A constructive tension between roots and experimentation is widespread almost everywhere in Emilia-Romagna and translates into a lifestyle full of taste, meditation breaks, and creative relaunches, from Bologna to Reggio Emilia to Ravenna to Piacenza.


Take Cristina Maresi for example, the owner of the Le Occare estate that sits at the gates of Ferrara. She keeps an ancient orchard with a few guest rooms, and a secret: the recipe for "cooked caviar baked for the amount of time it takes to recite the Our Father [prayer] twice," reveals Mrs. Maresi. This 16th-century comes from Messisbugo, cook for the Este, a noble family. He wrote the recipe in his book, Libro novo nel qual s’insegna a far d’ogni sorte di vivande (New book that teaches us to make every kind of food).

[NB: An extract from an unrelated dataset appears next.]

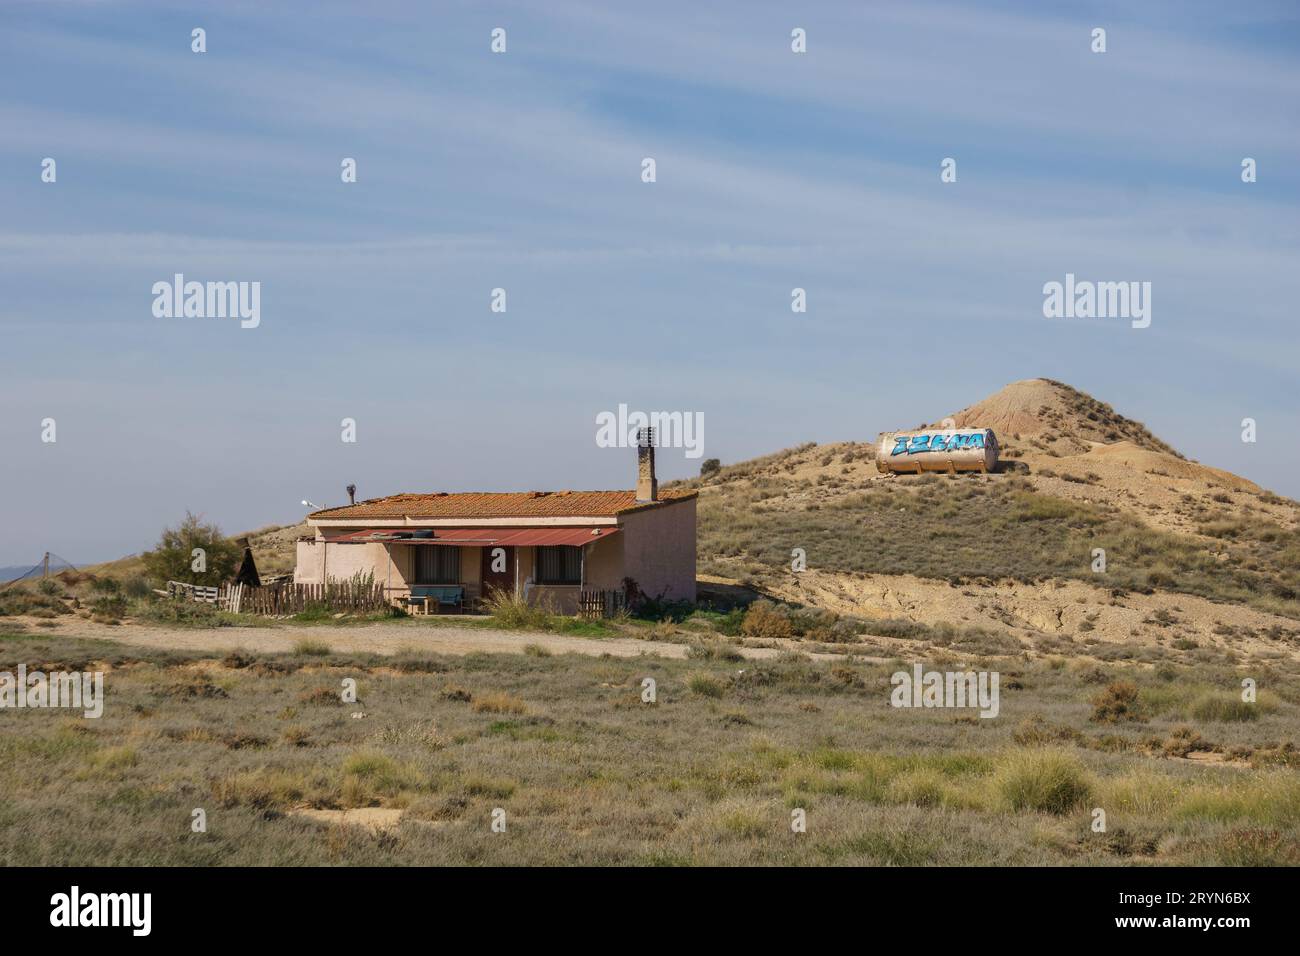 Bâtiment solitaire au paysage désertique du plateau aride des Bardenas Reales, Arguedas, Navarre, Espagne Banque D'Images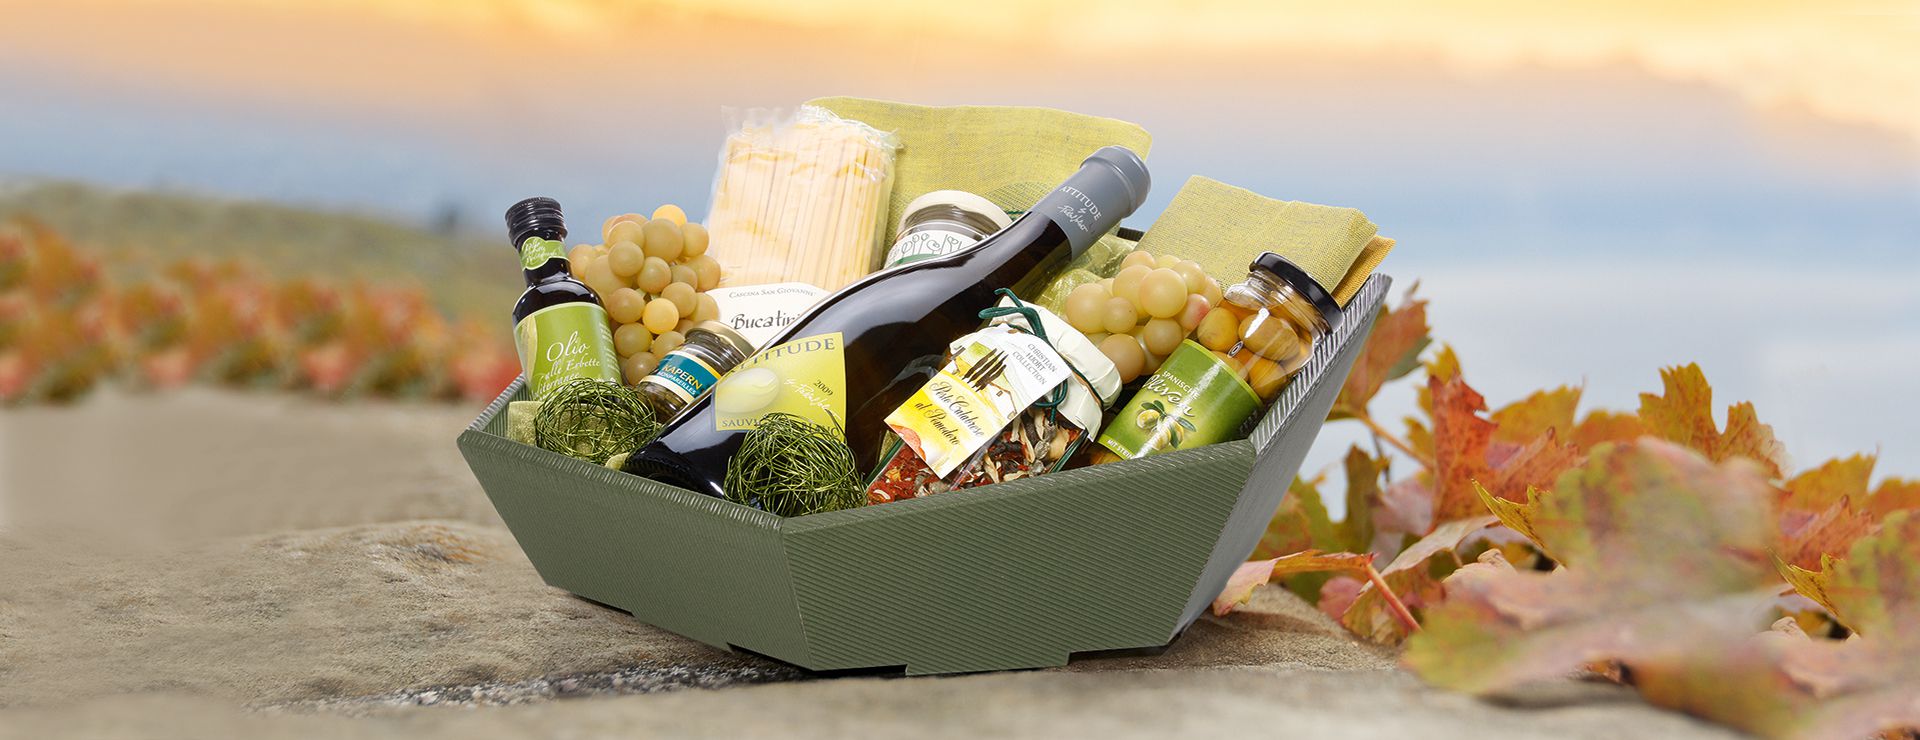 Panier-cadeau hexagonal en carton ondulé avec biseau tourné vers l’avant dedans du vin blanc et des olives.

This recipe has since been passed down through Ferrara's Jewish community until 1972, when the latest producer, Matilde Bianconi, closed her shop. It would have disappeared into obscurity if the notary Roberto Brighenti had failed to retrieve the recipe in New York and deliver it to his cook, Giuseppina Bottoni, who taught it to Cristina Maresi who, after finding sturgeon eggs in a farm along the Sile river, becomes the seventh producer of caviar in Italy and the only one making cooked caviar, which she ships around Italy and Europe. If you're in her neck of the woods, stop at Maresi's B&B to enjoy a meal amidst embroidered tablecloths and silver cutlery.